• [WHAT THE EXERCISE ASKS] For the records below, please print exactly and only the lines from the one with "Moderne 4.5-Zi'-Eigentumswohnung in" down to the one with "Newborn photography mississauga", both ends included, omitting the pictures.

• [RECORDS SUPPLIED]
'''

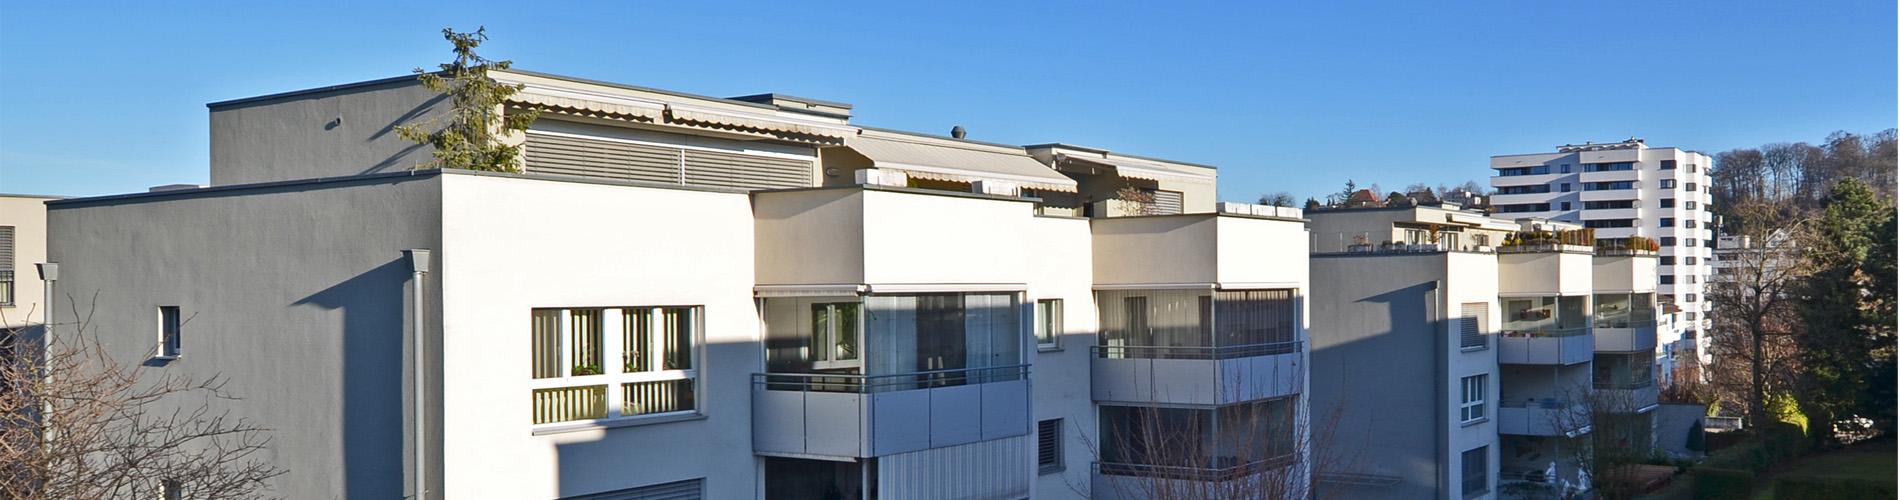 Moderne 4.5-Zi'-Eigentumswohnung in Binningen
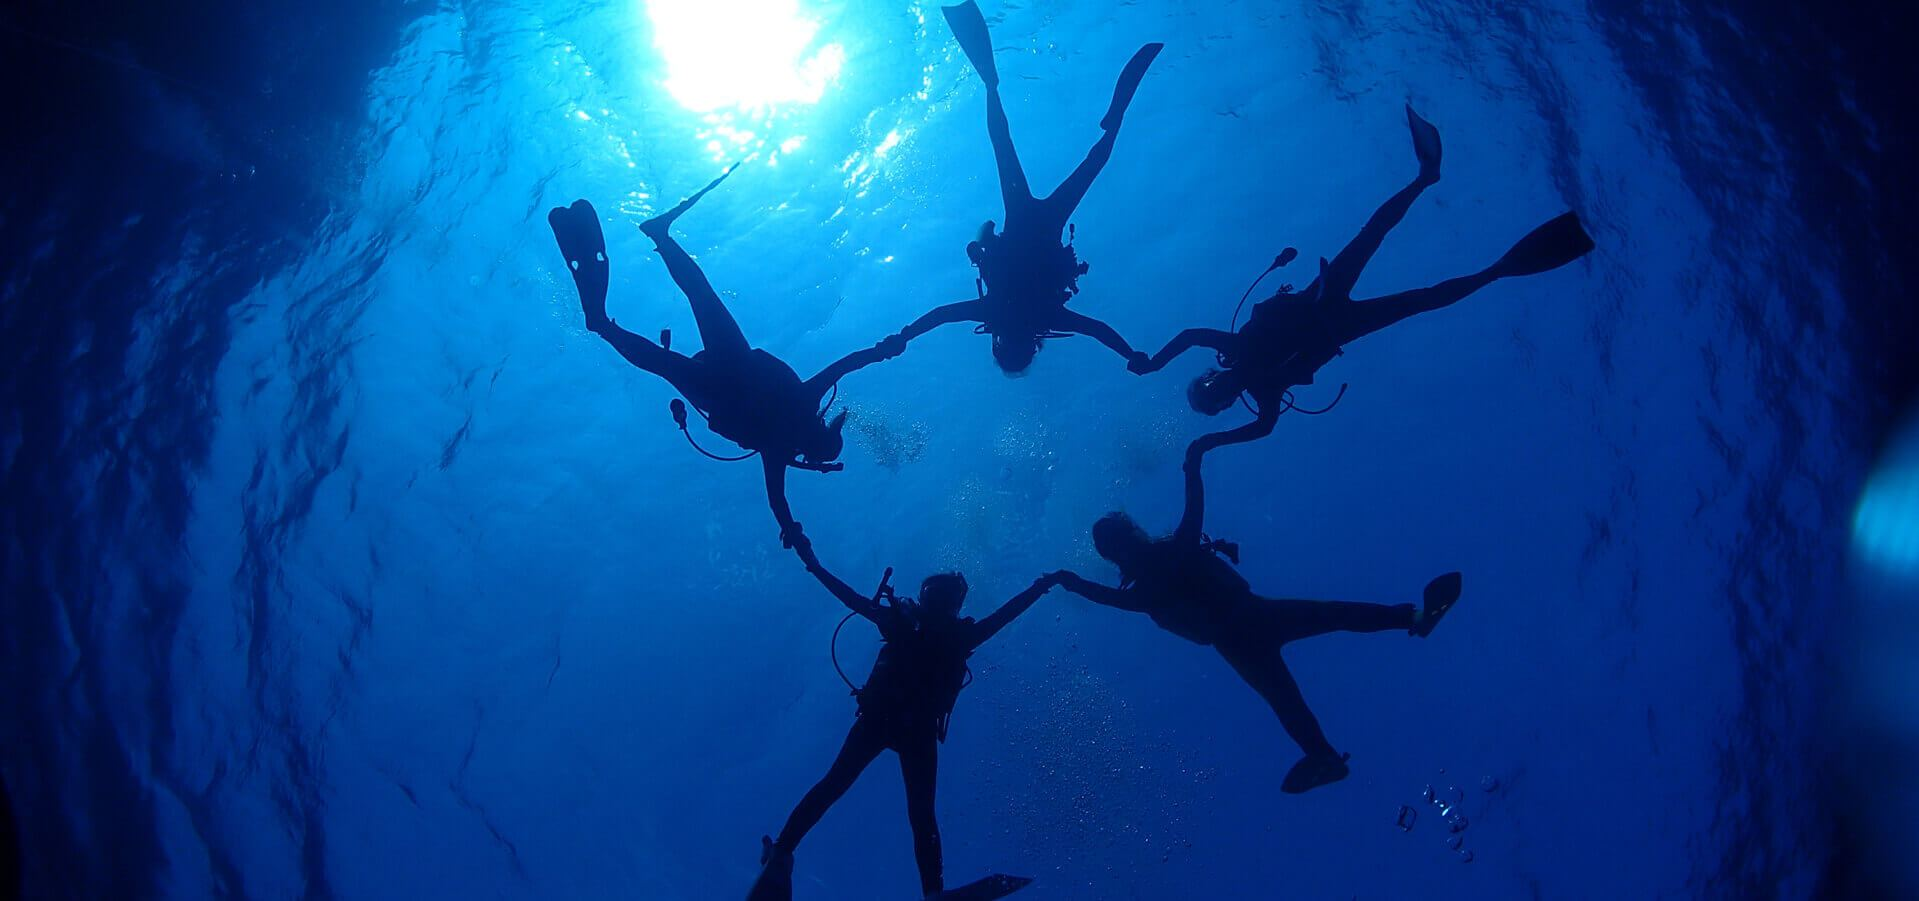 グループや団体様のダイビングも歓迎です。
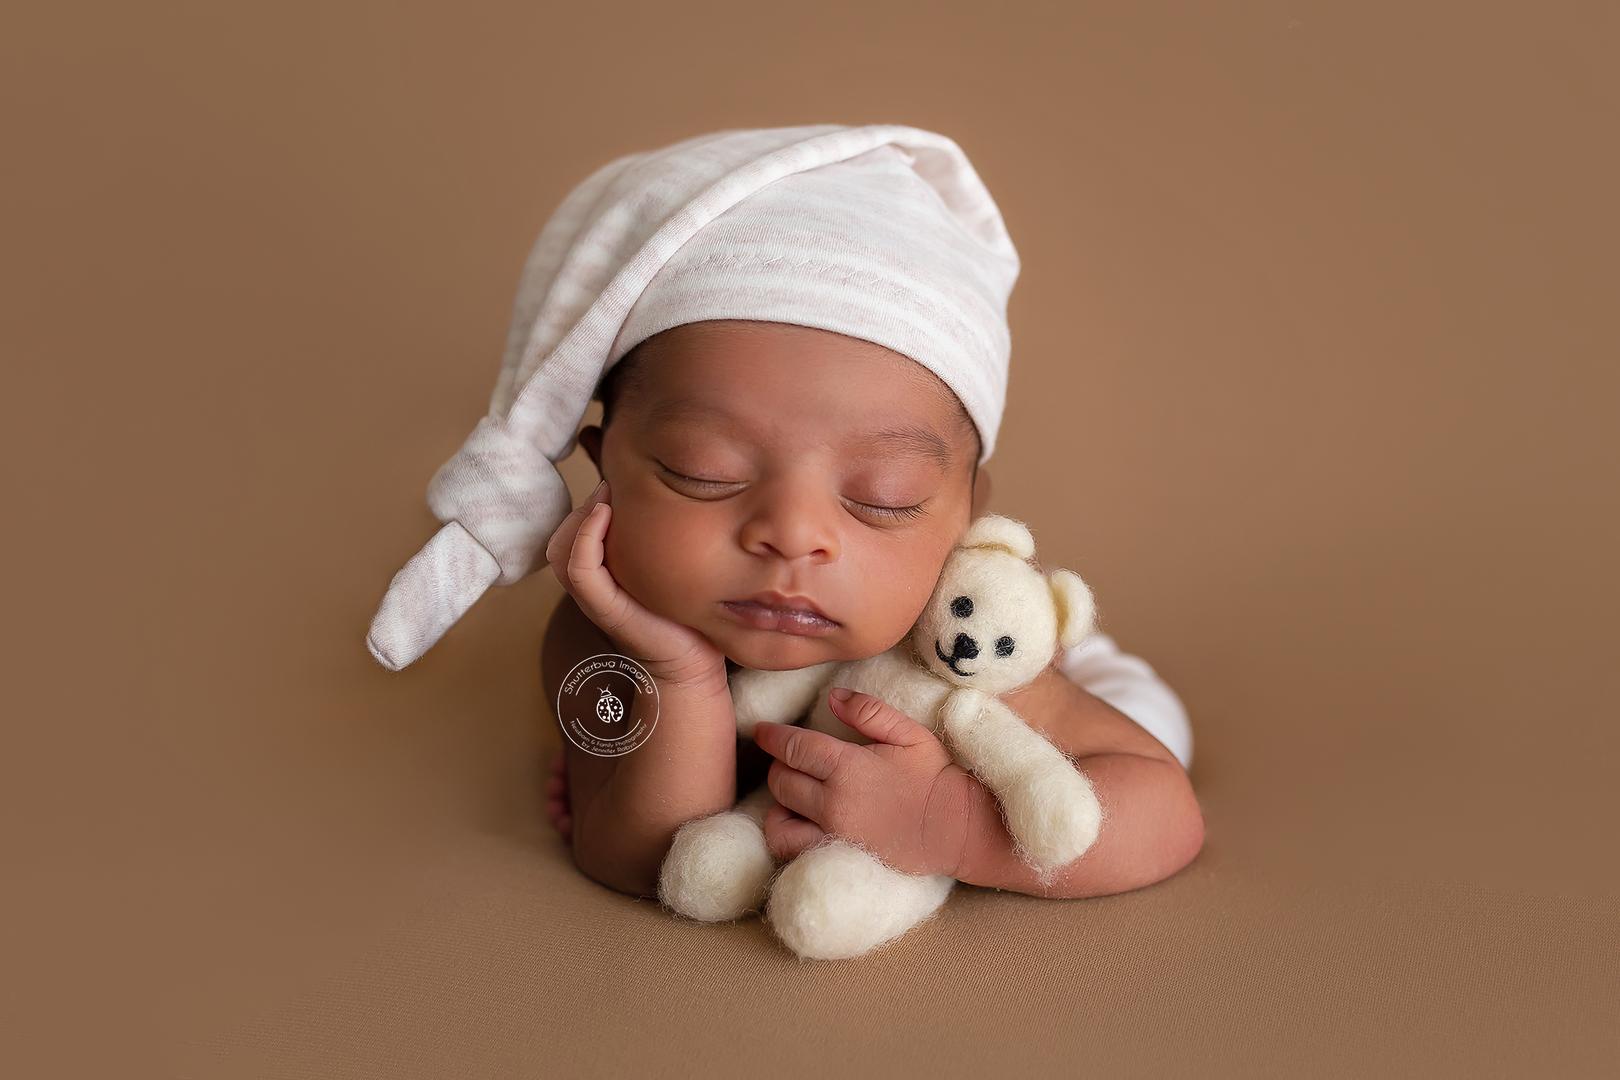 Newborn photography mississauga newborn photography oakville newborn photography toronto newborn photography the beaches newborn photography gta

'''
'''

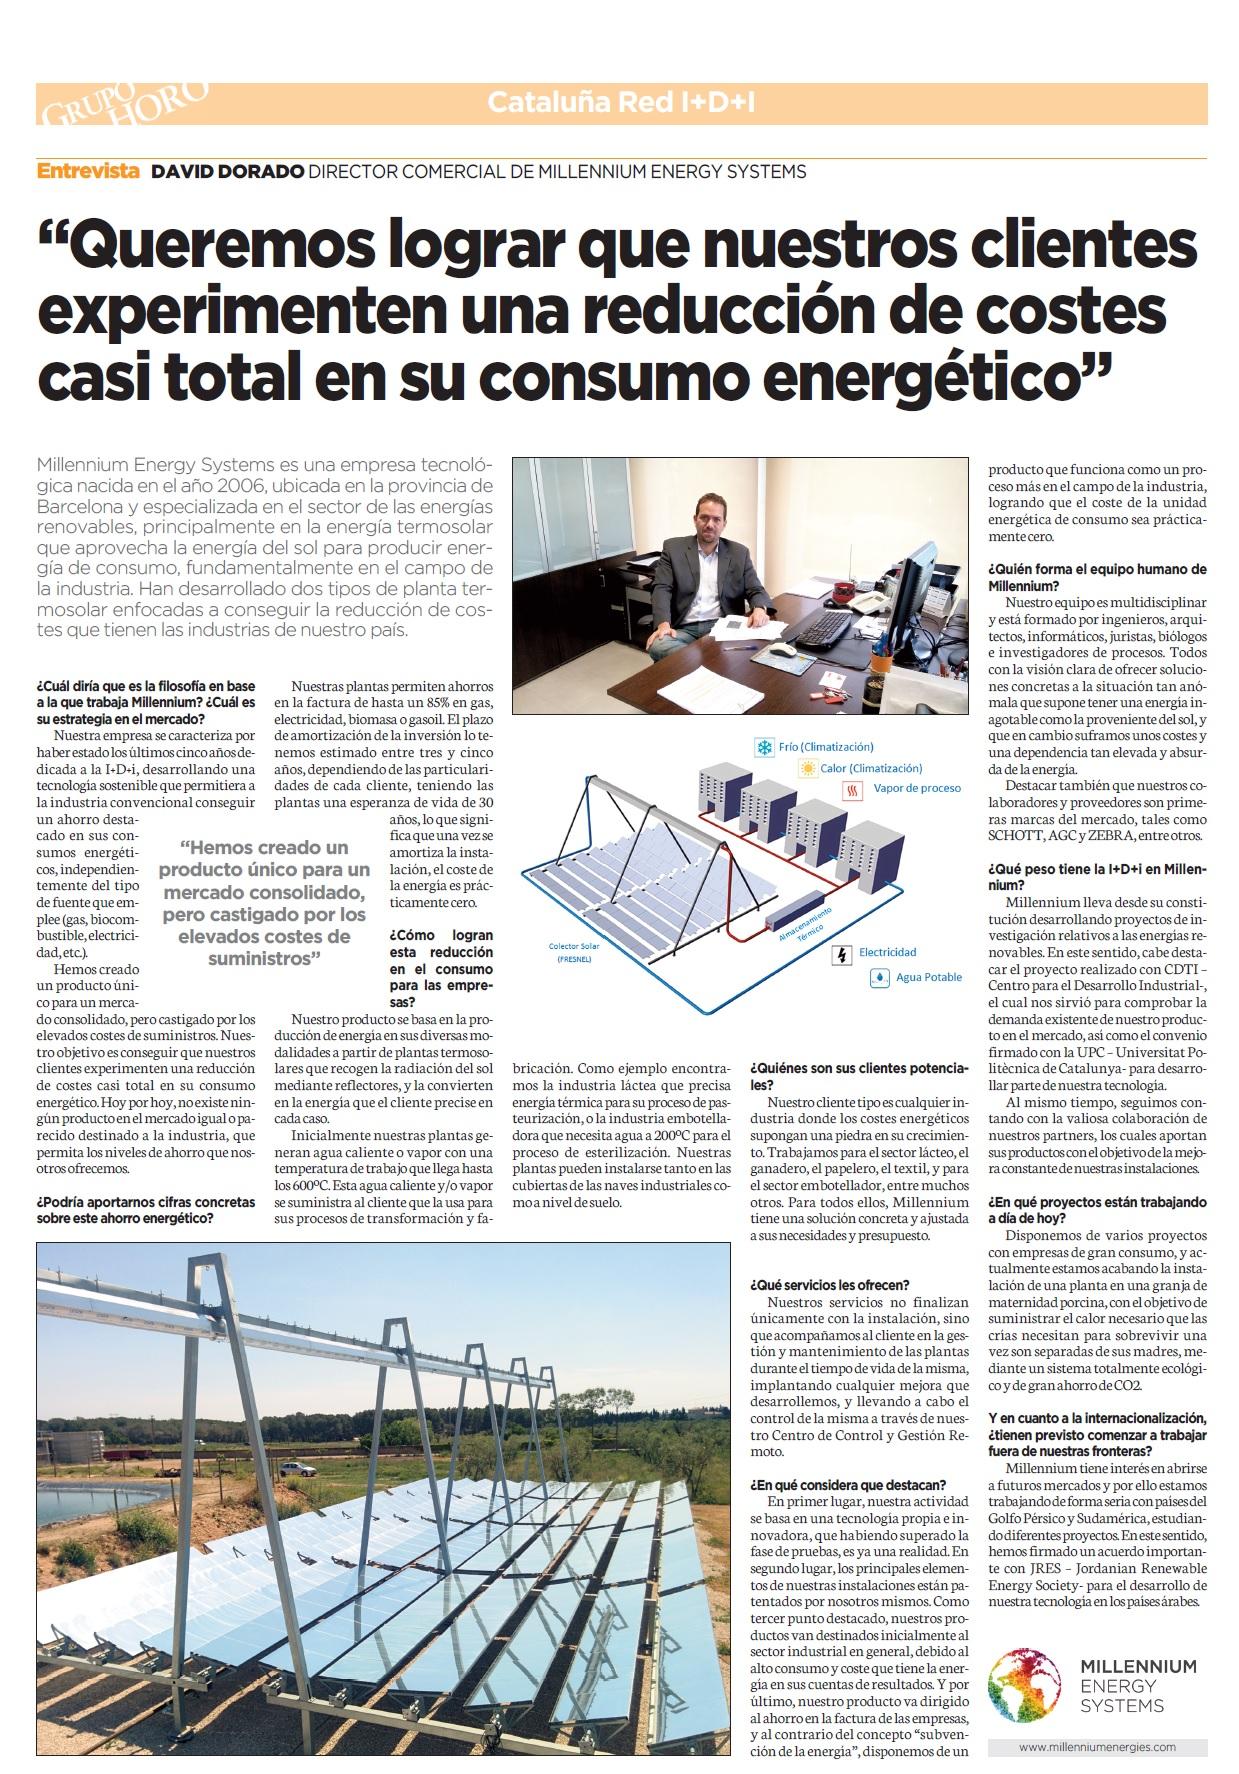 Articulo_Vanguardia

'''
'''

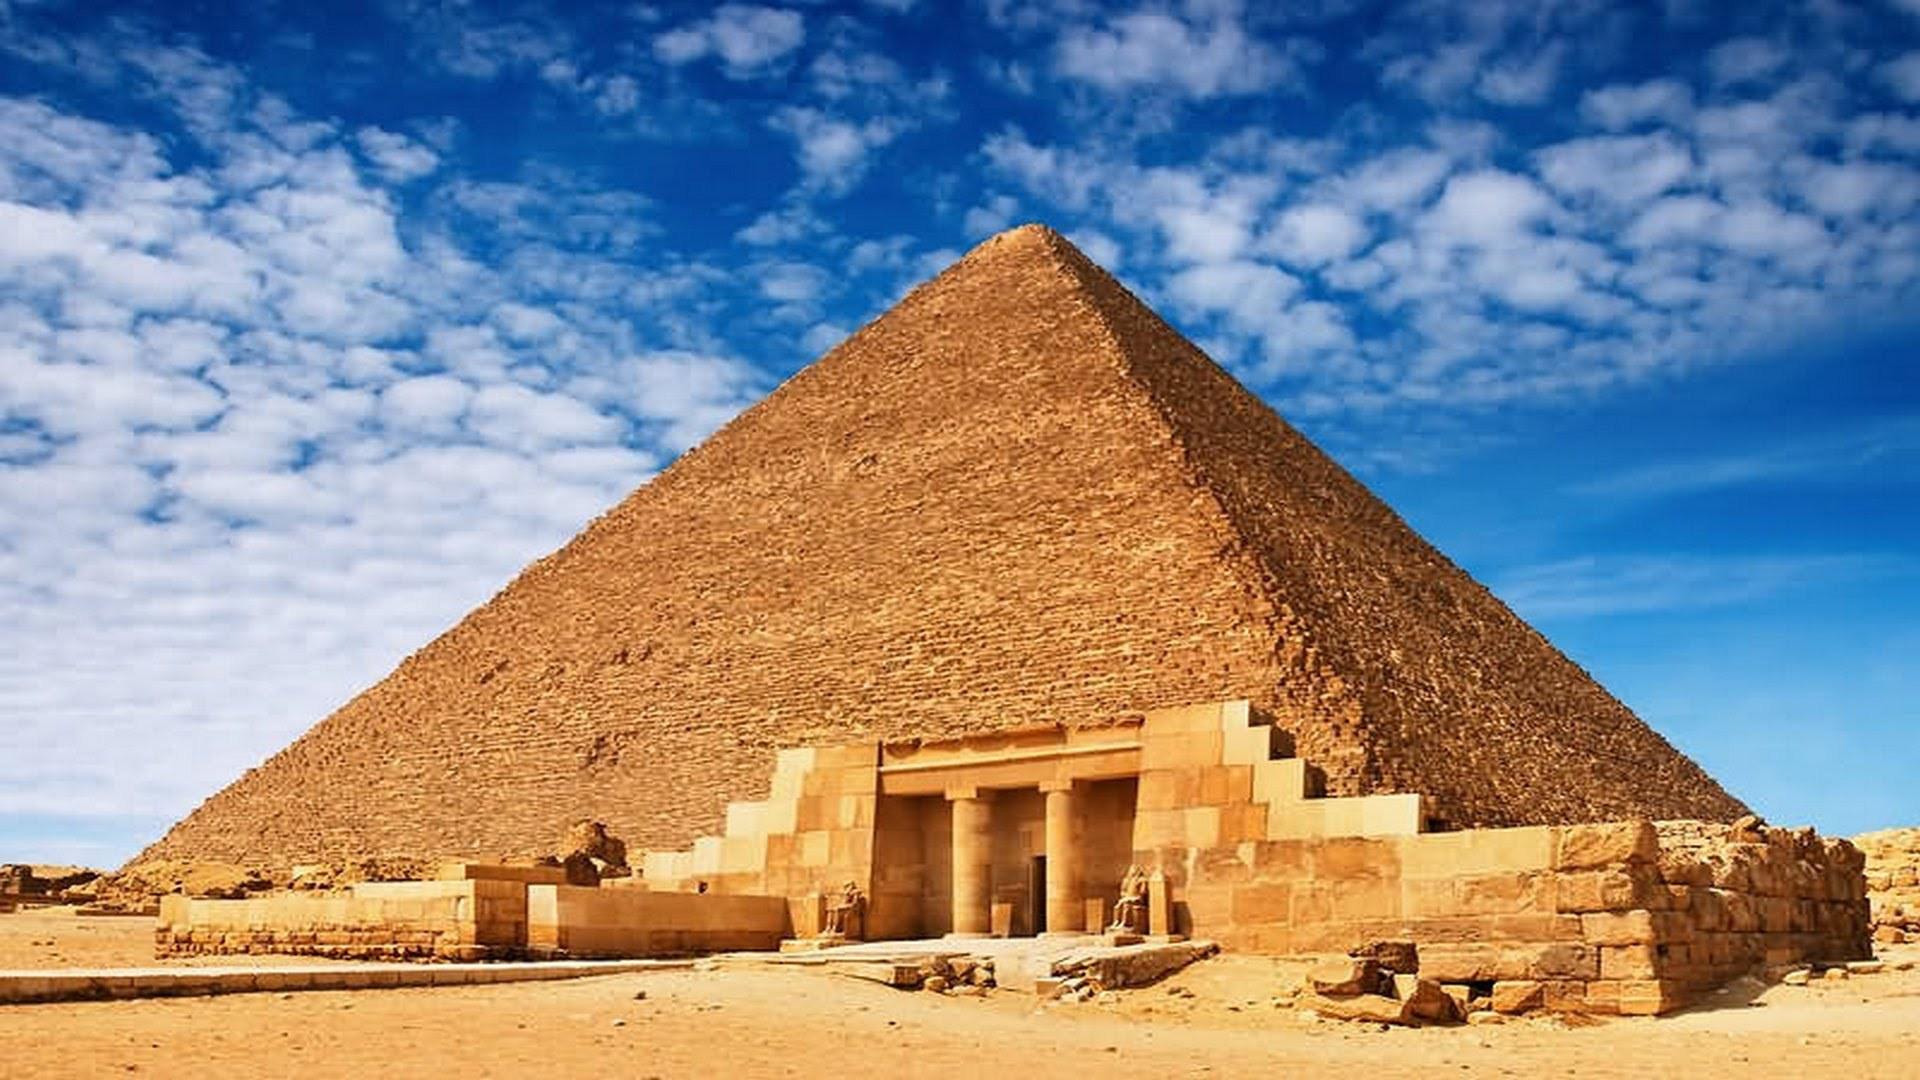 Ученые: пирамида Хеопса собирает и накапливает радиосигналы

'''

• [WRITTEN RESPONSE]
 Moderne 4.5-Zi'-Eigentumswohnung in Binningen
 グループや団体様のダイビングも歓迎です。
 Newborn photography mississauga newborn photography oakville newborn photography toronto newborn photography the beaches newborn photography gta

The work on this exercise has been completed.